Worry will change nothing but you! Worry is insidious. It will taint everything in your life. It will rob you of the idea that anything good can come into your life. Worry is just trying to live in the future of what ifs!
Worry will make you feel like you don't deserve to feel anything different. This is especially true for parents of addicts! You go to sleep at night, exhausted because it's all you can think about. You're totally vested and absorbed by it and then, when you wake the next morning, it's all still there and all you feel is even more exhausted.
Even though you've been told you did not cause their addiction, you catch yourself still caught up in the blame game. You're secretly still trying to figure out your roll in the addiction. The questions, oh, the fucking questions that roll around in your brain.
What did I do?
What didn't I do?
What could I have done?
Why didn't I do this or that?
Why didn't I see it sooner?
...and then the trump questions -
WHY ME? WHY MY CHILD?
If you are the parent of an addict, you likely have these questions on speed dial in your brain. What's happened is that you have allowed your weaknesses to rule the nest all while abandoning your strengths because you're simply worn out by it all.

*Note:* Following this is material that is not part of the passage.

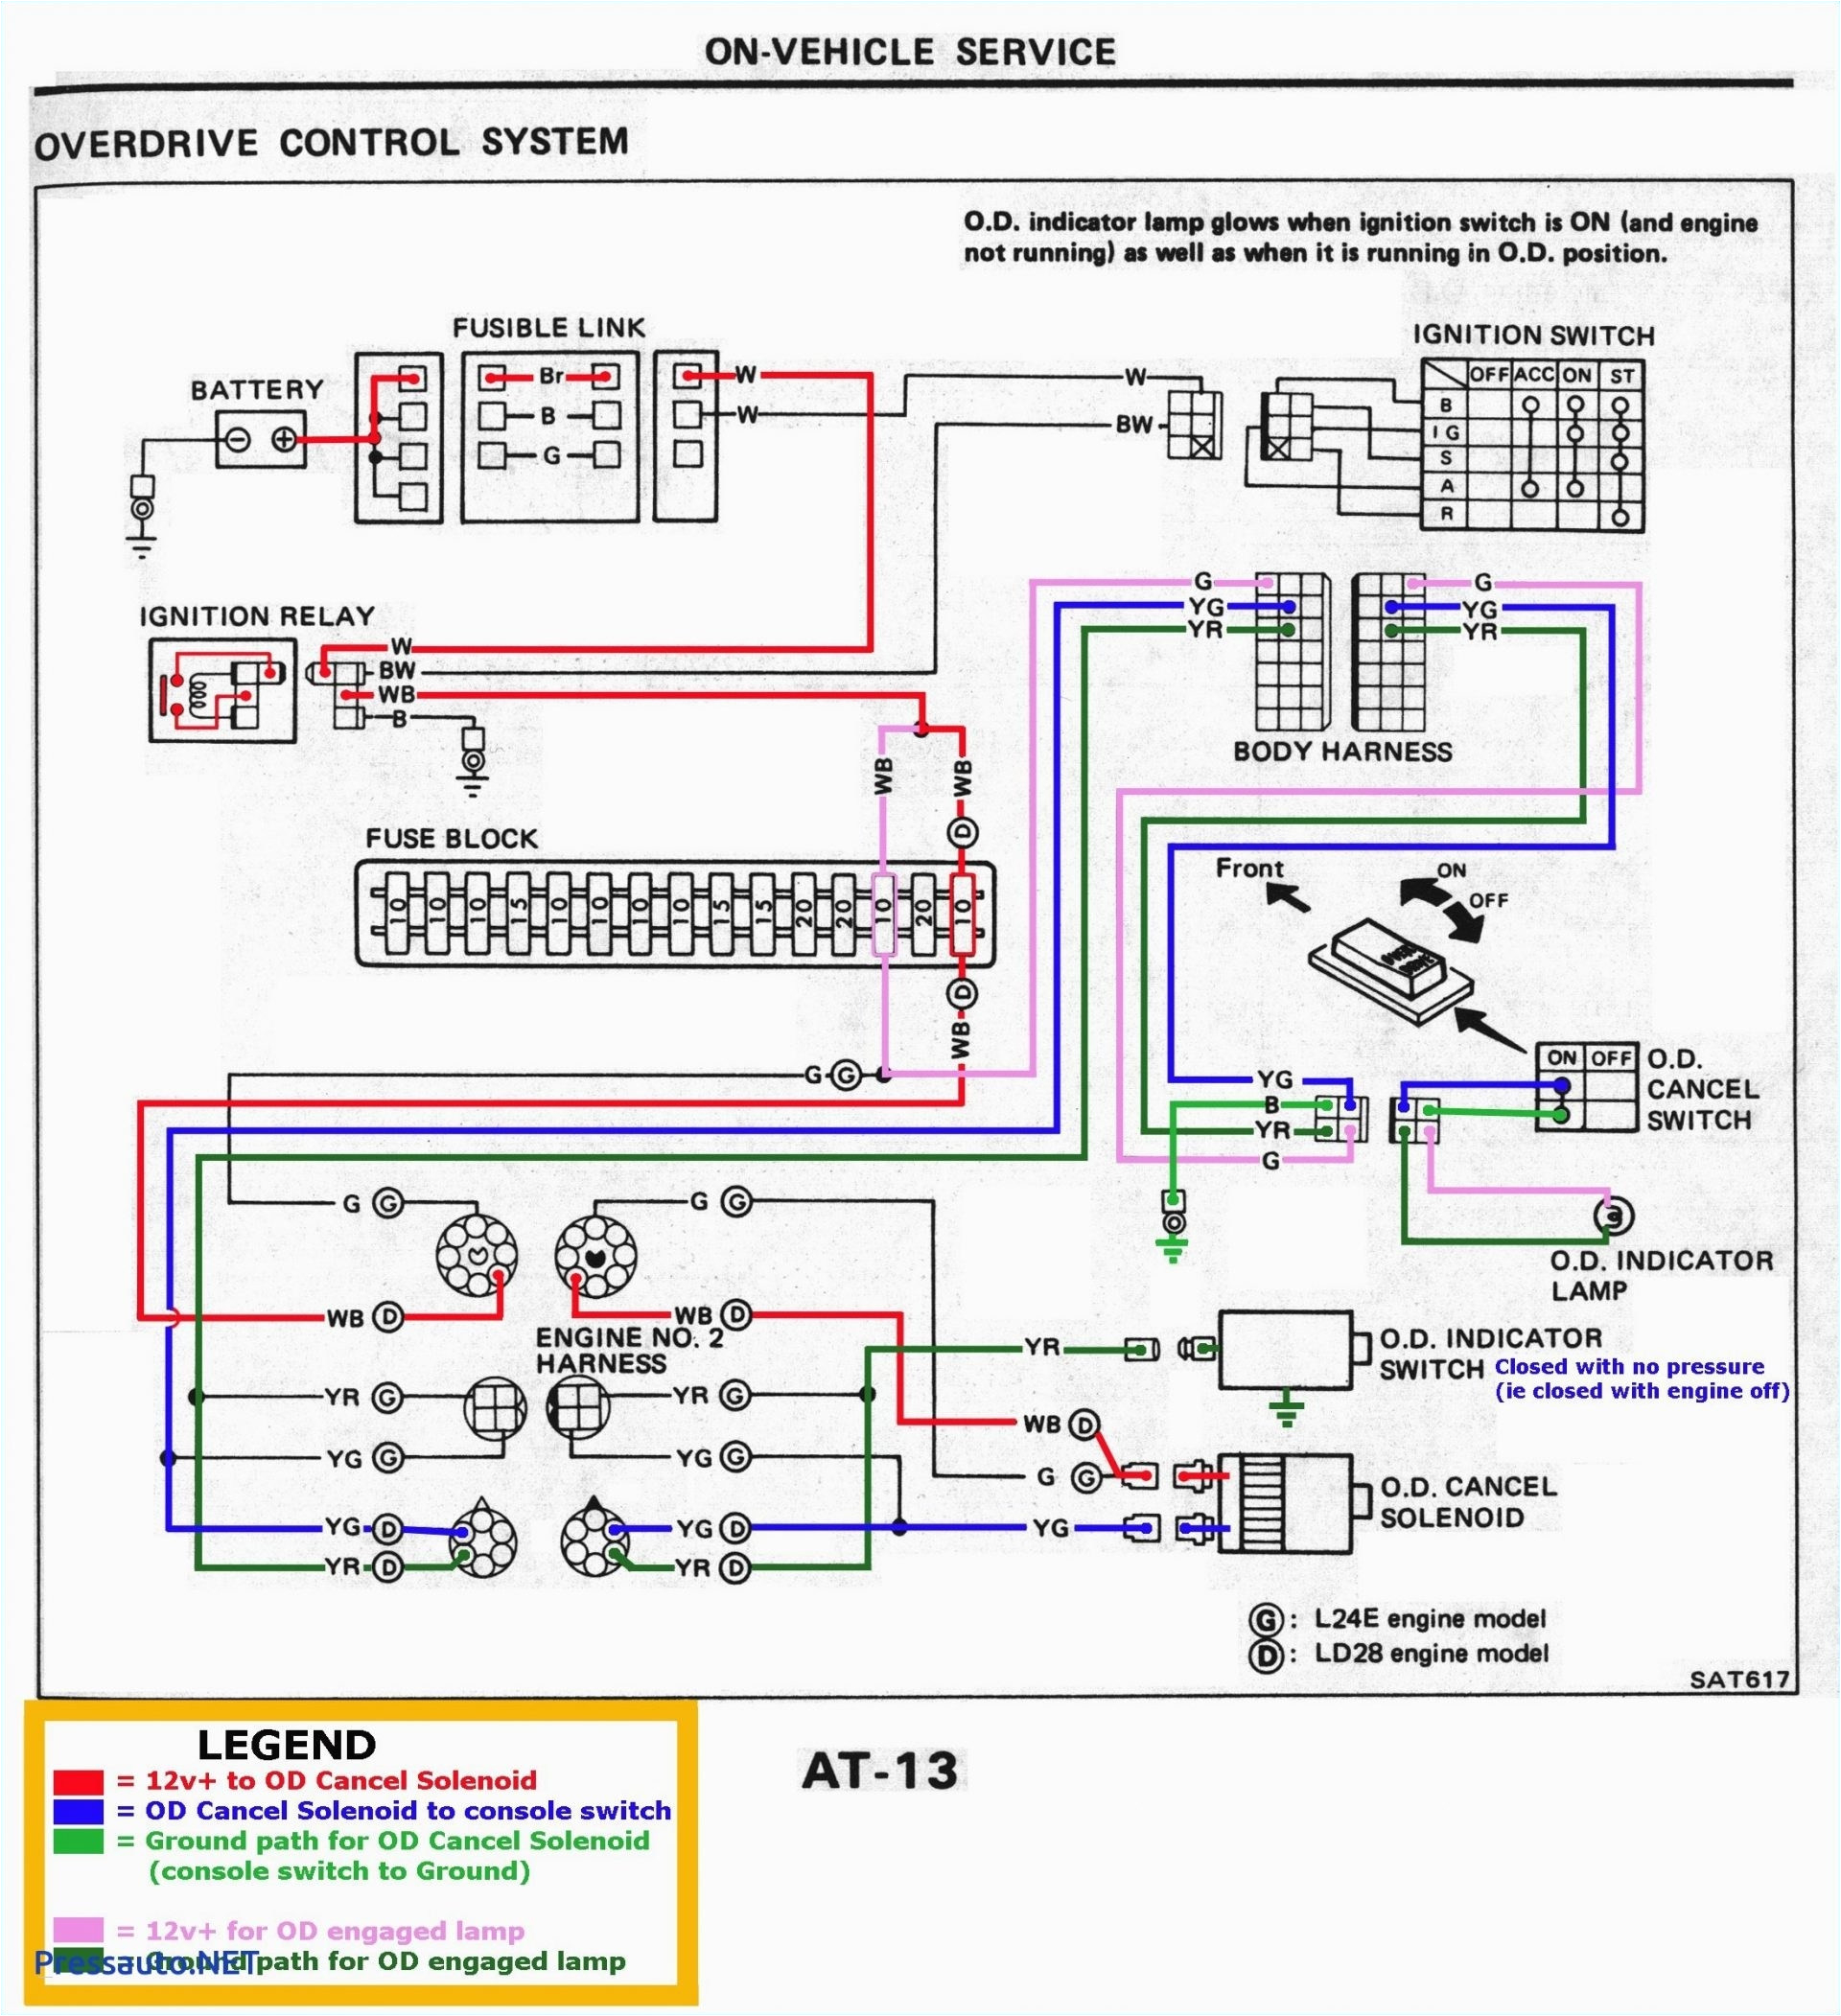 proximity switch wiring diagram inspirational prox sensor wiring diagram free image wiring diagram engine wire

Pain, both physical and emotional, has a way of camouflaging all the good that could be. It colors everything. It seeps into all those little cracks in your heart, leaving you with the feeling that you're getting exactly what you deserve! GUESS WHAT? Just because you have an addicted child - you don't deserve any of that! Unless you put the needle in their arm, or you shoved that pill down their throat, or you spoon fed alcohol TO THEM - YOU ARE NOT TO BLAME! They made a bad choice and then got caught up in the game of addiction.
So, here's the thing. You can continue to beat yourself up, freak yourself out, cry, scream or yell all you want, but none it will help you or your addict one little bit. It's wasted energy and wasted time.
The truth is, we parents of addicts often come to the conclusion that we should be as miserable as they are! We should suffer and deprive ourselves of any semblance of happiness because our addict is not happy. Well, I'm here to tell you, right now, that's a crock of shit! I was you! I was there too - until I wasn't!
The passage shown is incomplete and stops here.